How to deploy a finetuned model from PhariaFinetuning

Once you have finetuned a model using PhariaStudio, you can make the model available in the inference API and in the playground of PhariaStudio by deploying it. The finetuning service will generate periodic checkpoints during and at the end of a finetuning job. Any such checkpoints can be deployed as described below.

info

To get a list of all jobs, their IDs and their statuses, use the /api/v1/finetuning/jobs route. Once the finetuning job that you're interested in has completed, you can get the paths to its checkpoints by using the /api/v1/finetuning/jobs/{job_id} route. The paths are needed in order to deploy finetuned models (=checkpoints) as described further down.

warning

Deployment of full finetunings of Pharia-1-LLM-7B-control-hf is not yet supported and will be added in a new release.

Steps (for a `lora` finetuning of `LLama-3.1-8B-Instruct`)

Preliminaries

LoRA adapters can only be deployed on top of their respective base model. Make sure that the base model that was used for the lora finetuning is already deployed. If it is not already deployed, you may need to first download the respective base model weights. Please note that in order to trigger the download your finetuned model you need to re-deploy the models helm chart.

Once the base model weights are downloaded, you can deploy them to a worker.

For LLama-3.1-8B-Instruct you need to use a vllm worker.

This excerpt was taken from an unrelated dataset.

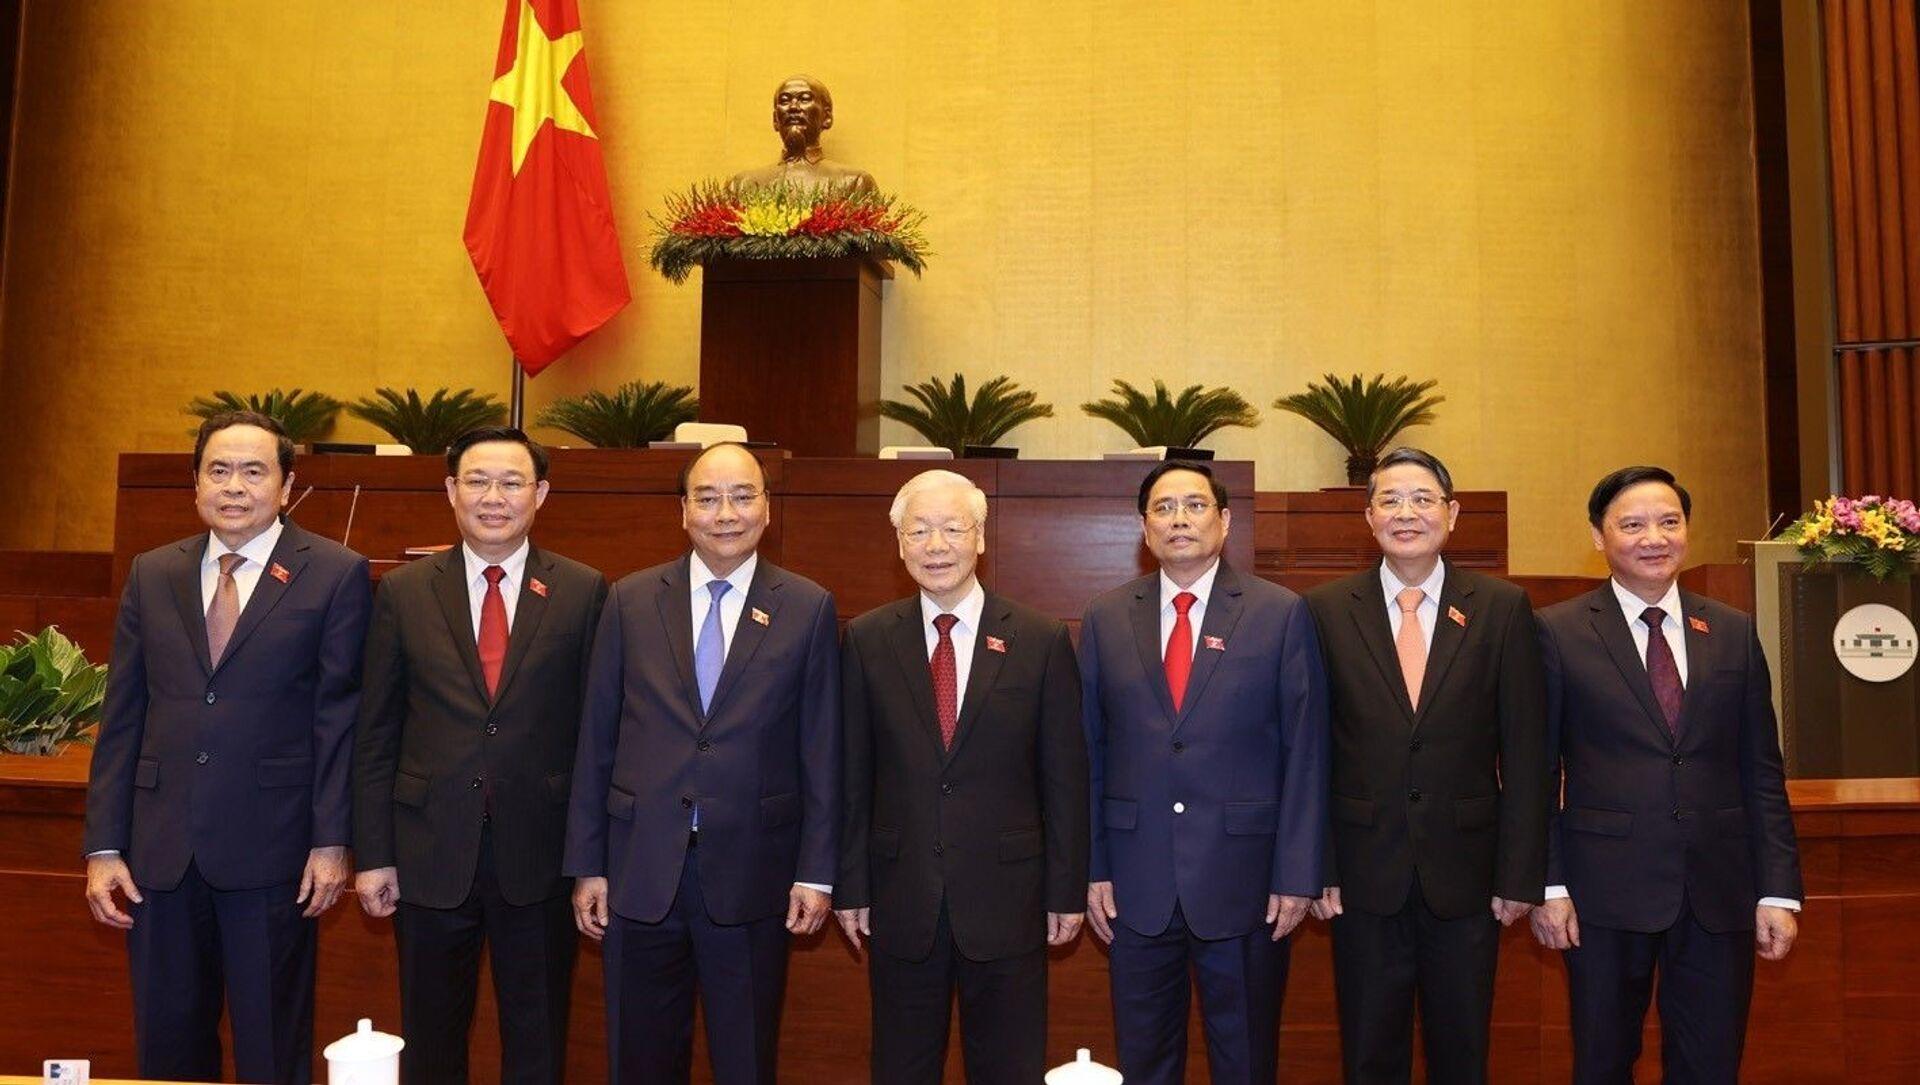 Các đồng chí lãnh đạo Đảng, Nhà nước tại phiên họp. - Sputnik Việt Nam, 1920, 28.04.2021

Step 1: Making the model available to the worker

Add the following configuration to the values.yaml file that you are using to install the pharia-ai-models helm chart and specifically to the weights section of the base model.

models:
  - name: models-llama-3.1-8b-instruct # the base model
    pvcSize: 100Gi
    weights:
      ... base model weight location defined here
      - s3:
          endpoint: https://object.storage.eu01.onstackit.cloud # use the same endpoint url you use in the pharia-ai helm chart values in pharia-finetuning
          # you can get all checkpoint paths that a job produced by using GET /finetuning/jobs/{job_id} of the finetuning API. Make sure to add `checkpoint.ckpt` to the desired checkpoint path.
          folder: deployment/finetuned-models/my-lora-adapter-Llama-3.1-8B-Instruct_20250110_131856/TorchTrainer_123/checkpoint_0001/checkpoint.ckpt 
          targetDirectory: my-lora-adapter-llama-3.1-8b-instruct

s3Credentials: # use the same credentials you use in the pharia-ai helm chart values in pharia-finetuning
  accessKeyId: ""
  secretAccessKey: ""
  profile: "" # can be left empty
  region: ""

warning

If you had already configured the download of the base model you may need to rename the models.name in order to allow for the kubernetes deployment to be synced properly.

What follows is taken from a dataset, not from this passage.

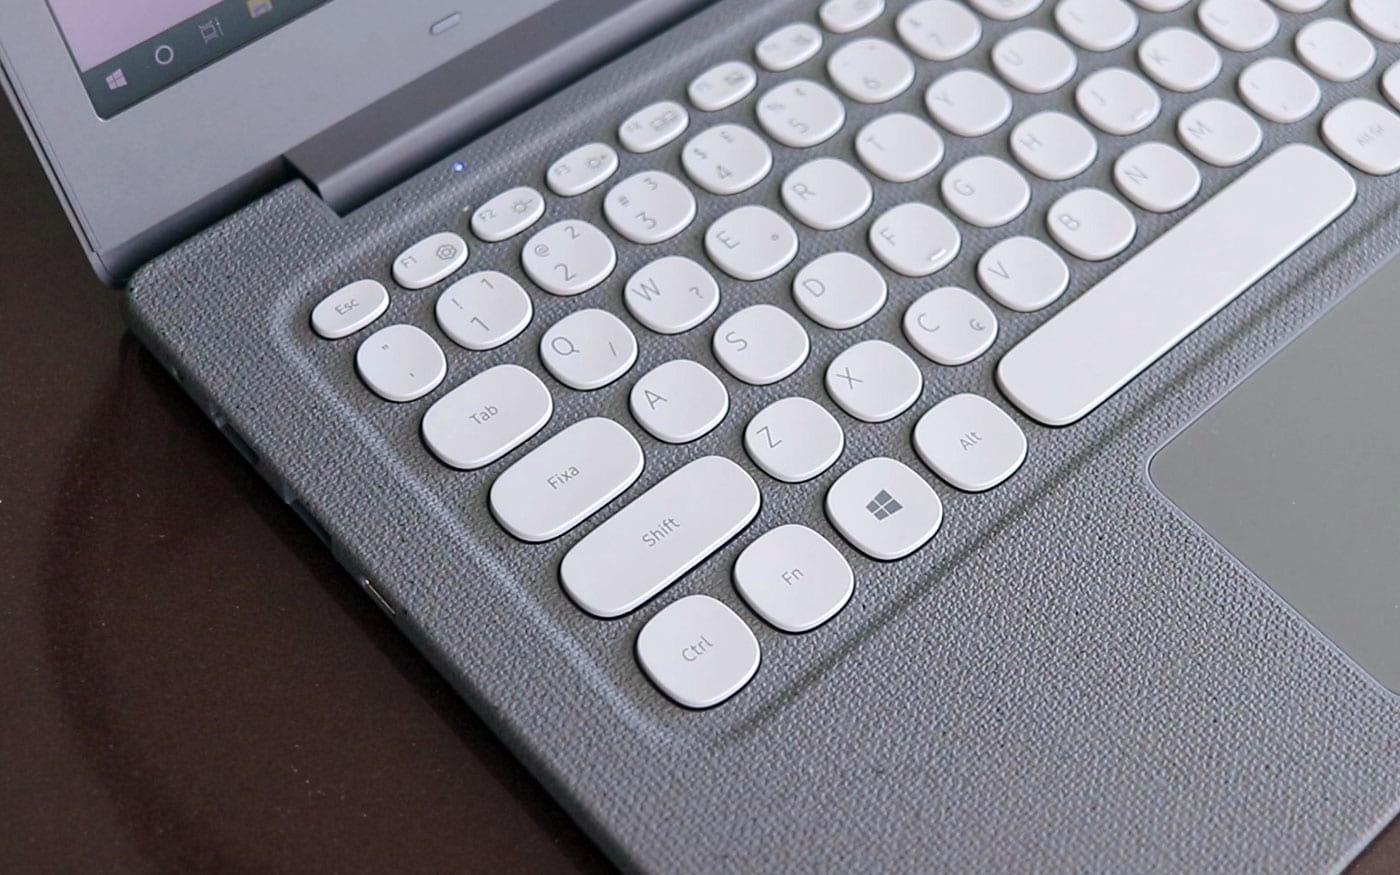 Review - Samsung Flash F30: Pra quem é este simpático notebook?

Further information on downloading model weights from object storage can be found here.

To trigger the download your finetuned model you need to re-deploy the models helm chart. Further information on how to deploy the changes can be found here.

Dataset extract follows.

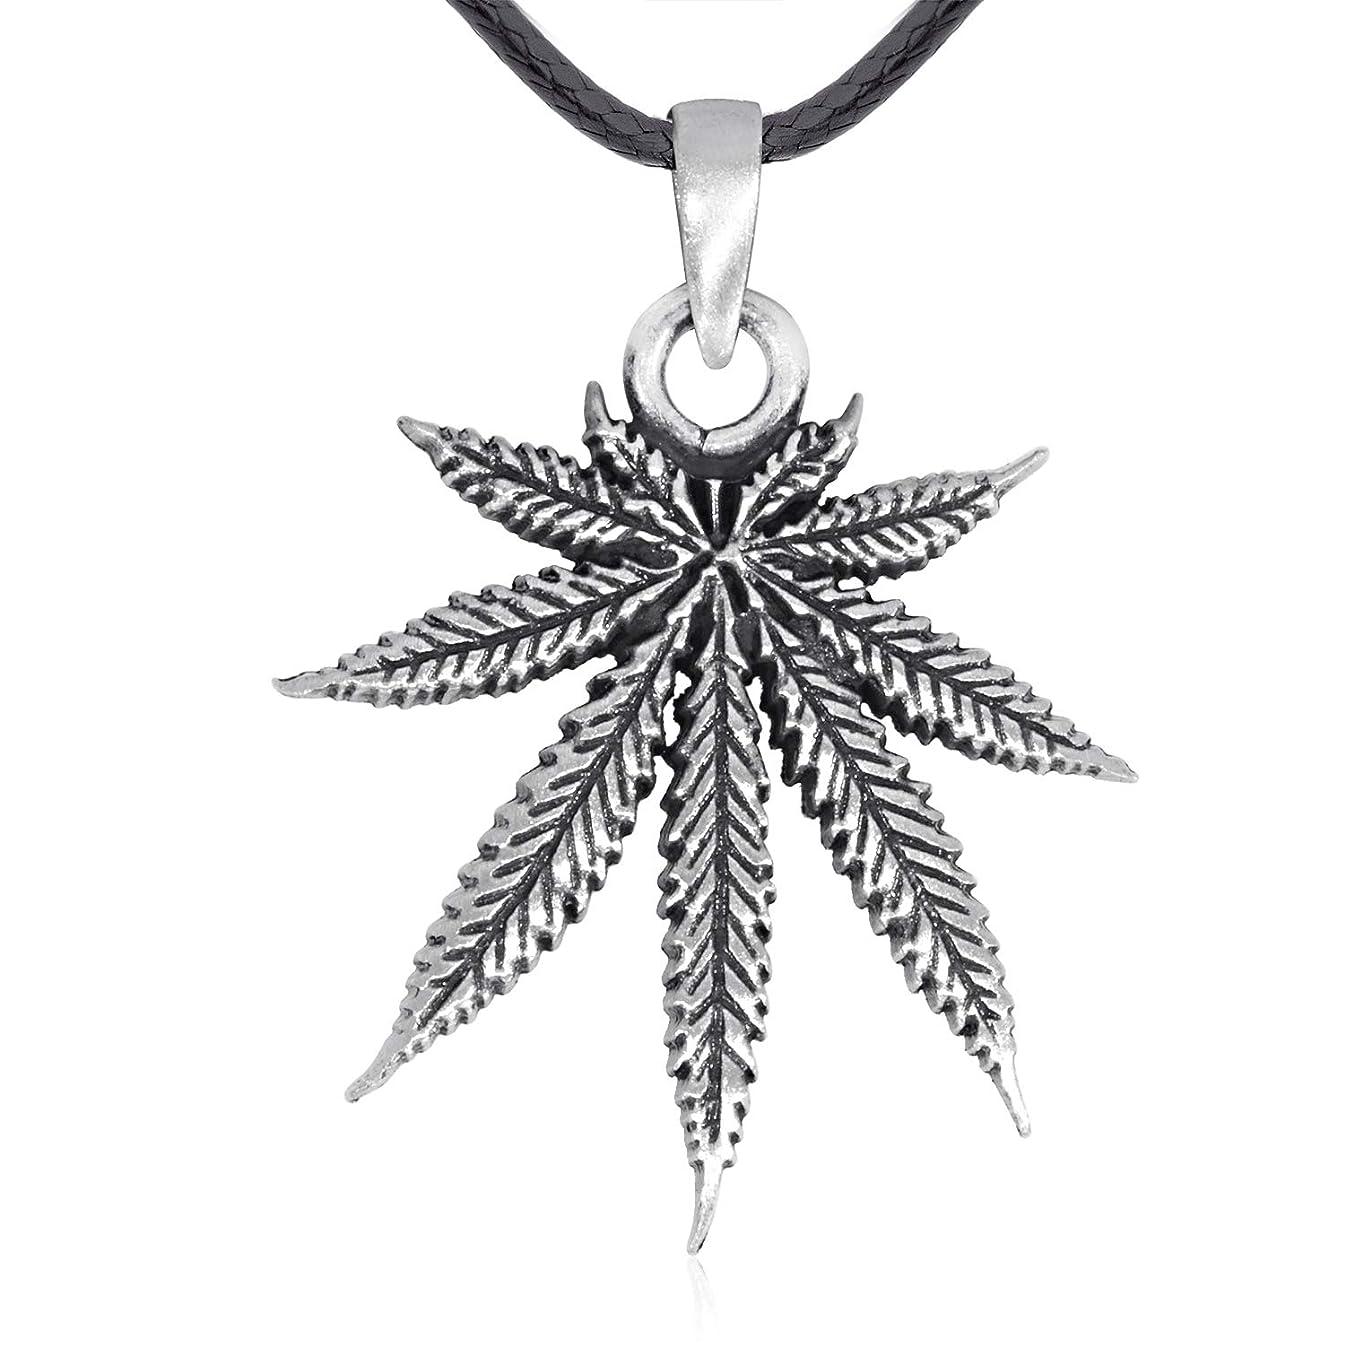 警告するトライアスリート沿ってNamaste Jewelers マリファナ大麻葉ペンダントネックレス ピュータージュエリー

This makes the model available to be served by inference workers which are configured in the next step.

Step 2: Deploying the model by configuring a worker that serves it

Add the following configuration to the values.yaml file that you are using to install the pharia-ai helm chart and specifically to the inference_worker.checkpoints.generator.lora_adapter section of the base model:

inference-worker:
  ...
  checkpoints:
    ...
    - generator:
        type: vllm
        pipeline_parallel_size: 1
        tensor_parallel_size: 1
        model_path: /models/llama-3.1-8b-instruct
        lora_adapter:
          - /models/my-lora-adapter-llama-3.1-8b-instruct # add your adapter here
      queue: llama-3.1-8b-instruct
      replicas: 1
      modelVolumeClaim: models-llama-3.1-8b-instruct

Further information on worker deployment can be found here.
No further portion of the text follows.